The ship Carnival Miracle was christened at the Port of Jacksonville on February 27, 2004, beginning Jacksonville service by Carnival Cruise Lines. The Carnival Miracle was replaced by Carnival Cruise Lines' Jubilee, which sailed between Jaxport and The Bahamas from May 2004 through August 2004. Carnival established year-round cruise service from Jacksonville aboard the Celebration on October 12, 2004. The Celebration continued to sail between Jaxport and The Bahamas through April 2008. After a four-month hiatus in service, Carnival restarted Jacksonville-Bahamas cruise service aboard the Carnival Fascination, which provided service from Jacksonville until April 2016, being replaced with Carnival Elation. As of 2019, cruises from Jacksonville visit the Bahamas and Eastern Caribbean onboard the Carnival Ecstasy.

During the COVID-19 pandemic all cruises were suspended. The first post-pandemic cruise was the American Queen Voyages ship, Ocean Voyager which departed February 21, 2022 for a 12-day cruise to destinations along the Atlantic coast. The Carnival Spirit departed on March 7, 2022 for a 5-day Bahamas trip.

==Ferry service==

The Saint Johns River Ferry (also known as the Mayport Ferry) crosses the St. Johns River, connecting Mayport to Fort George Island. The 0.9 mi crossing is part of State Road A1A and departs every half-hour. The ferry has been operating since 1948 and is the last active ferry in Florida.

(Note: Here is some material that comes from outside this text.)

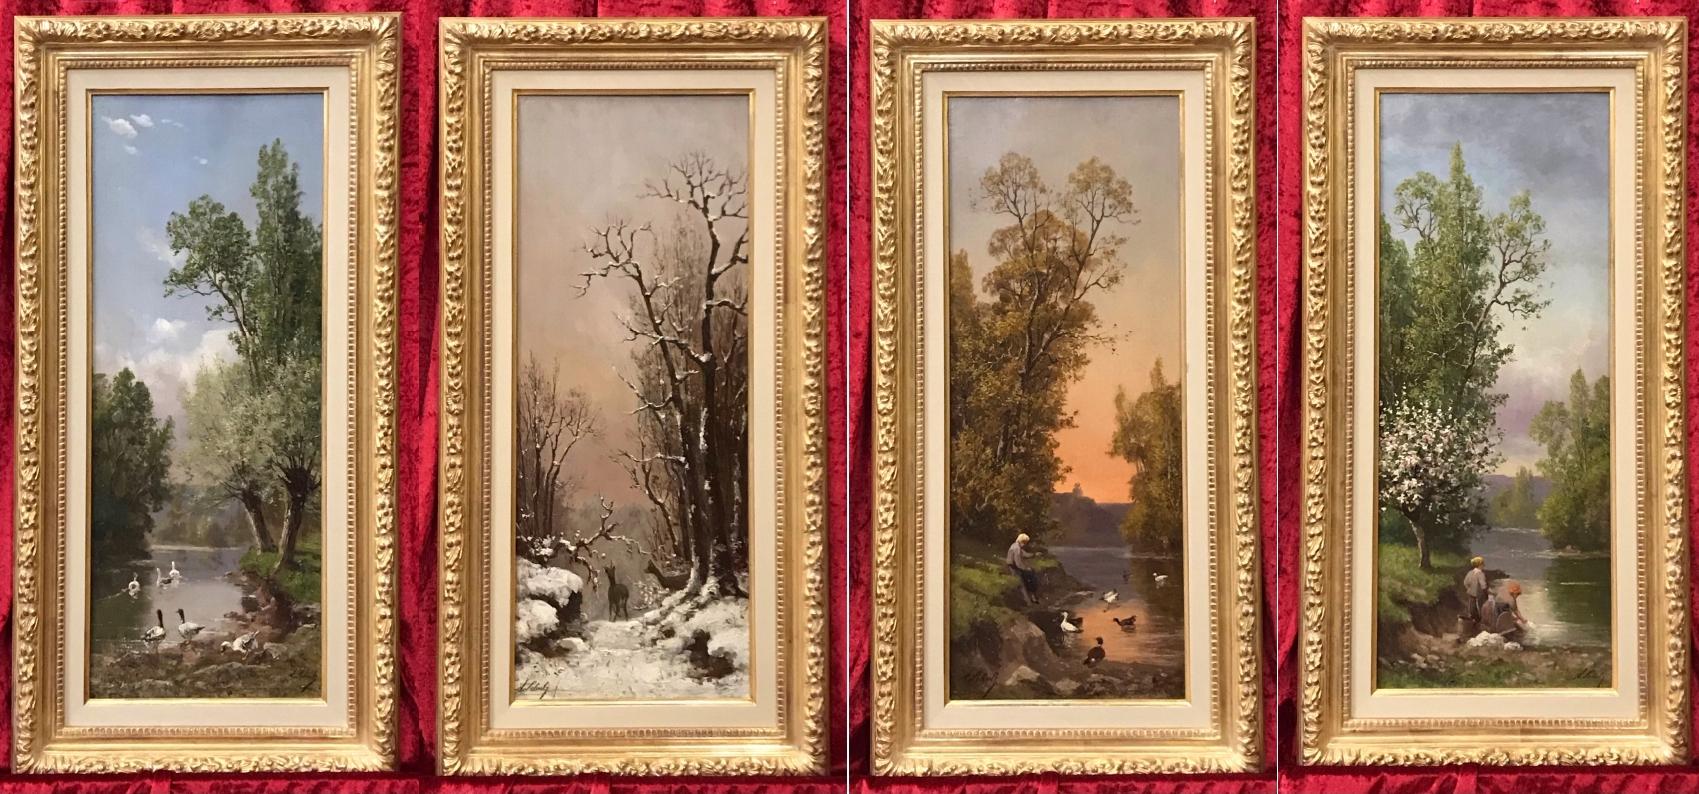 SCHULTZ Adrien Landscape Painting - The Four Seasons - Four Original Paintings 19th Century

The Florida Department of Transportation, which had always operated the service, had the Mayport Ferry line item budget vetoed by Governor Charlie Crist for 2007-2008. Rather than terminate the service, the City of Jacksonville assumed responsibility, but lost over $1 million in one year.
Mayor John Peyton announced that there was no money available in the next budget.
The Jacksonville Port Authority took over operation of the ferry in 2007 and raised the standard fare from $3.25 to $5.00, but still lost half a million dollars each year. However, they use port revenue, not tax money, to underwrite the operation.
After taking over, the JPA decided to cut costs and sell the Blackbeard, the backup vessel built in 1956. That meant that whenever the Jean Ribault had problems, ferry service would be suspended. On February 5, 2009 the ferry was put into dry dock for routine maintenance, but hull corrosion required an extra week of repairs, and there was no service for a month.